С минуту мы оба молчали.

— Послушай, Шура, — заговорила я, — когда у Зои не выходит задача, а у тебя все решено, Зоя просит тебя помочь ей?

— Нет, не просит.

— Помнишь, как она раз просидела до четырех часов утра, а все-таки сама решила ту запутанную задачу по алгебре?

— Помню.

— Я думаю, что человек, который так требовательно, так строго относится к самому себе, имеет право требовательно относиться и к другим. Я знаю, ребята считают так: подсказка — дело святое. У нас в гимназии это было законом. Но это старый плохой закон. Я не уважаю тех, кто живет на подсказках и шпаргалках. И я уважаю Зою за то, что у нее есть мужество сказать об этом прямо.

— Ну да, некоторые ребята тоже так говорили, что, мол, Зоя прямой человек и говорит то, что думает. Вот Петька сказал так: «Если я не понимаю, она мне всегда все объясняет, никогда не отказывается, а во время контрольной подсказывать нечестно». Но все-таки...

— Что же «все-таки»?

— Все-таки это не по-товарищески!

— Знаешь, Шура, если бы Зоя отказывалась помочь, объяснить — вот это было бы не по-товарищески. А отказать в подсказке, — по-моему, это и есть честный поступок.

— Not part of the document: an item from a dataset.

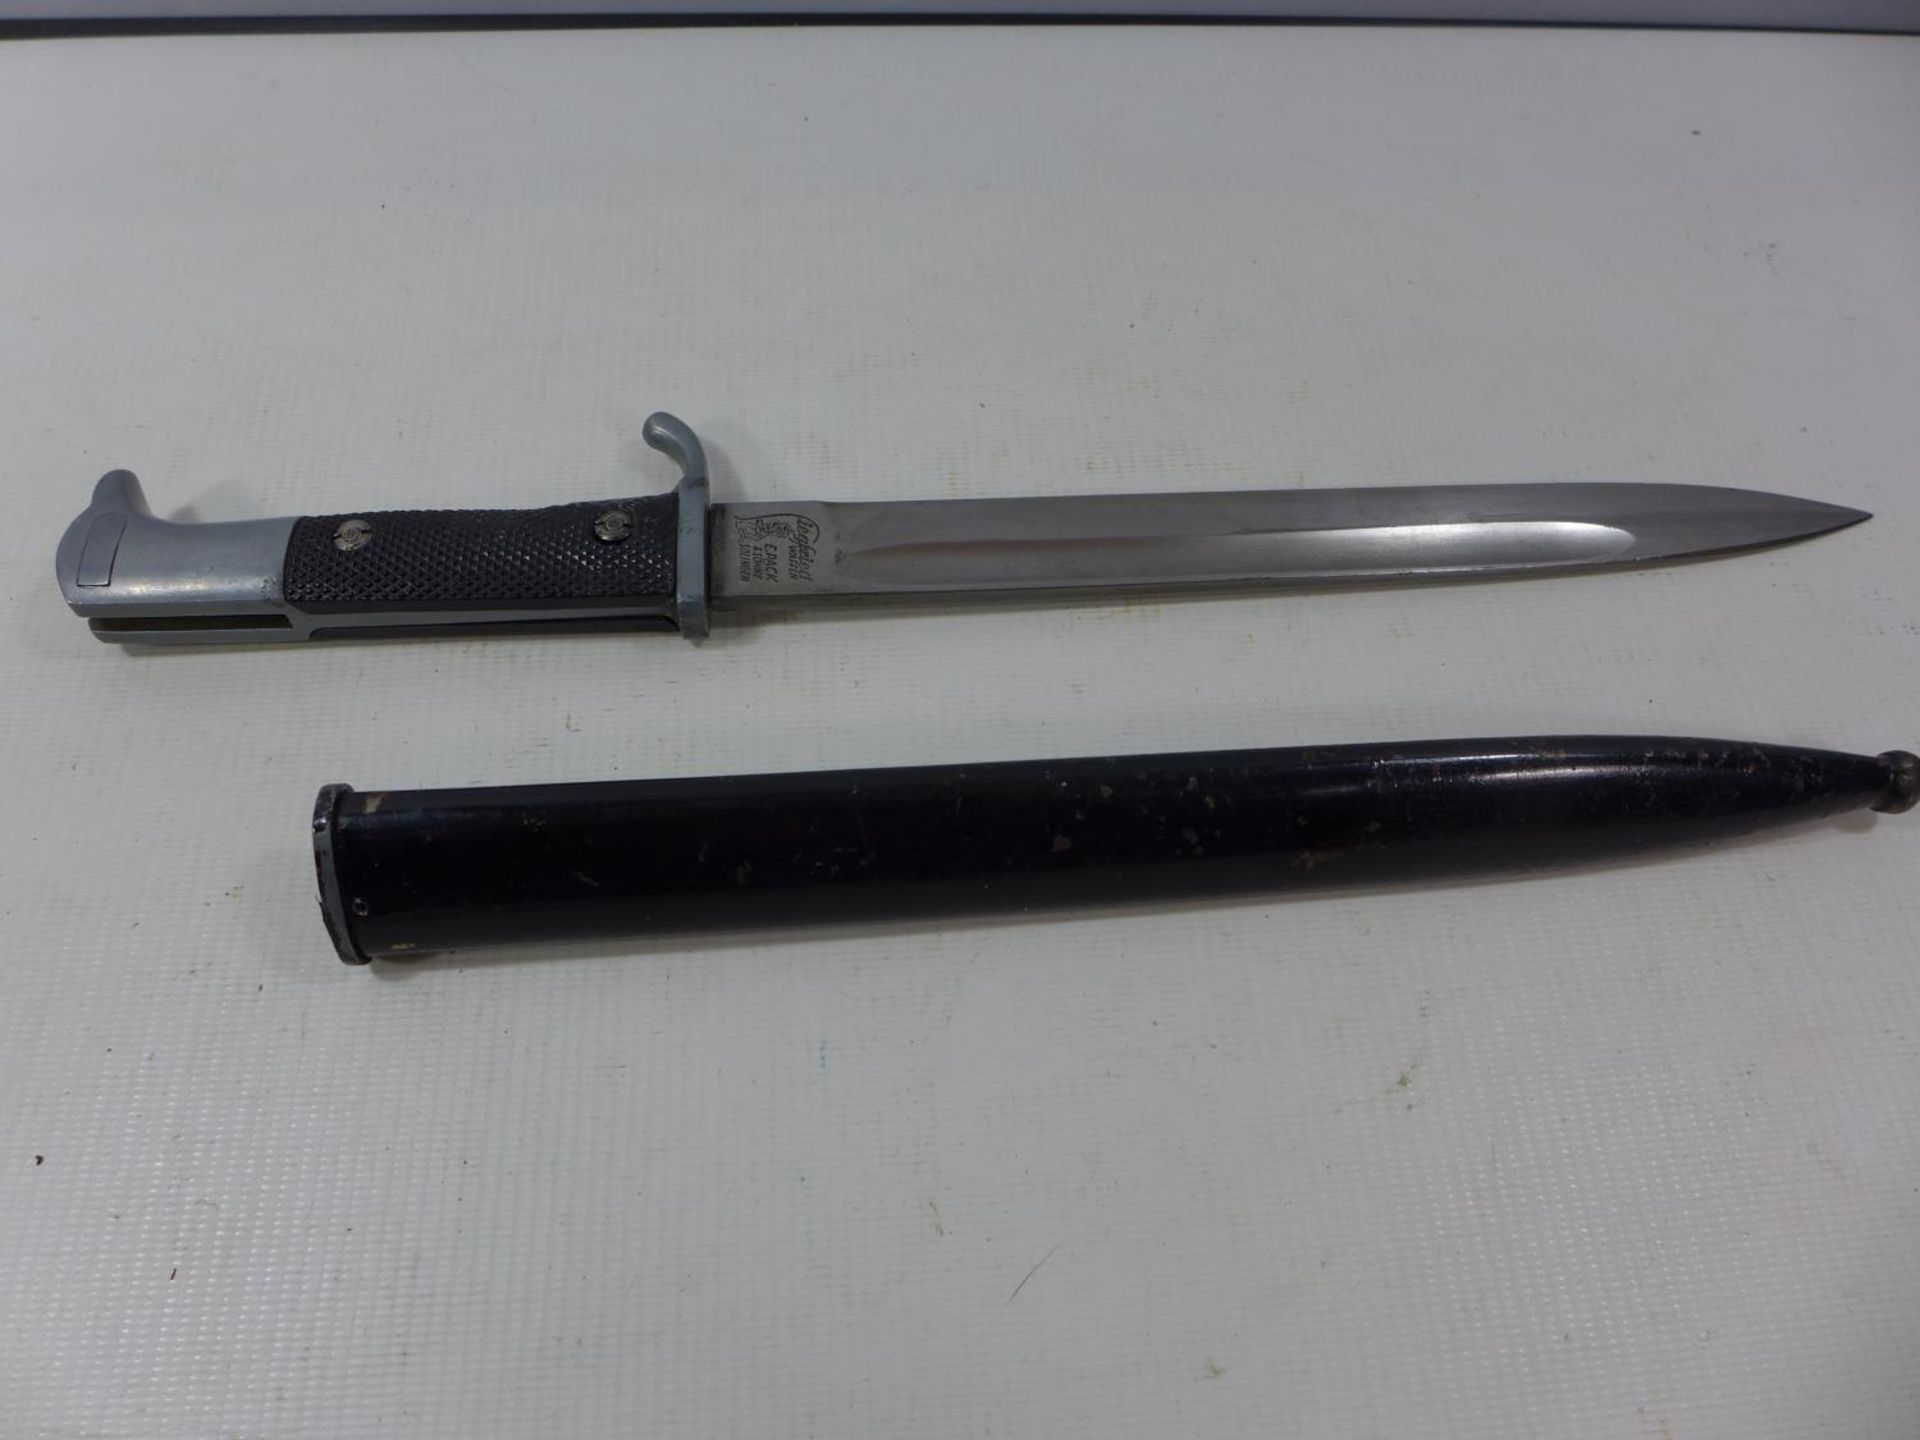 A GERMAN K98 BAYONET, 24.5CM BLADE STAMPED SIEGFRIED WAFFEN, E.PACK AND SOHNE SOLINGEN, METAL - Image 2 of 4

Я видела, что мои слова не убедили Шуру. Он долго еще стоял у окна, не читая перелистывал книгу, и я понимала, что спор с самим собой продолжается.

* * *

Кое-что в рассказе Шуры растревожило и меня.

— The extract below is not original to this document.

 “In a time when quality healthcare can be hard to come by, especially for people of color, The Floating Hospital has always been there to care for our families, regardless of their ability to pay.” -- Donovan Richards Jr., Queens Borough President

Зоя — живая, веселая девушка. Она любит театр и, если смотрит какой-нибудь спектакль без нас, всегда так выразительно и горячо рассказывает о виденном и слышанном, что нам с Шурой кажется, будто мы сами видели пьесу. Сквозь ее постоянную серьезность нередко прорывается неудержимый юмор, унаследованный от отца, и тогда мы весь вечер смеемся, вспоминая разные забавные случаи. Иногда Зоя разговаривает своим обычным тоном и вдруг едва заметно изменит голос, выражение лица... Сама она при этом никогда не улыбнется, а мы с Шурой хохочем до слез, узнавая человека, о котором зашла речь.

Вот Зоя чуть согнулась, поджала губы и говорит степенно, с долгими паузами:

— А я, милые мои, вот что вам скажу, уж вы не обессудьте... Вы, молодые, не верите, а только уж если кошка перебежит дорогу — быть беде...

И перед нами, как живая, встает старушка — соседка по прежней квартире.

— Верно, верно: Акулина Борисовна! — кричит Шура.

Вот Зоя нахмурилась и произносит строго, отрывисто:

— Почему непорядок? Немедленно прекратить! Иначе буду принужден принять меры!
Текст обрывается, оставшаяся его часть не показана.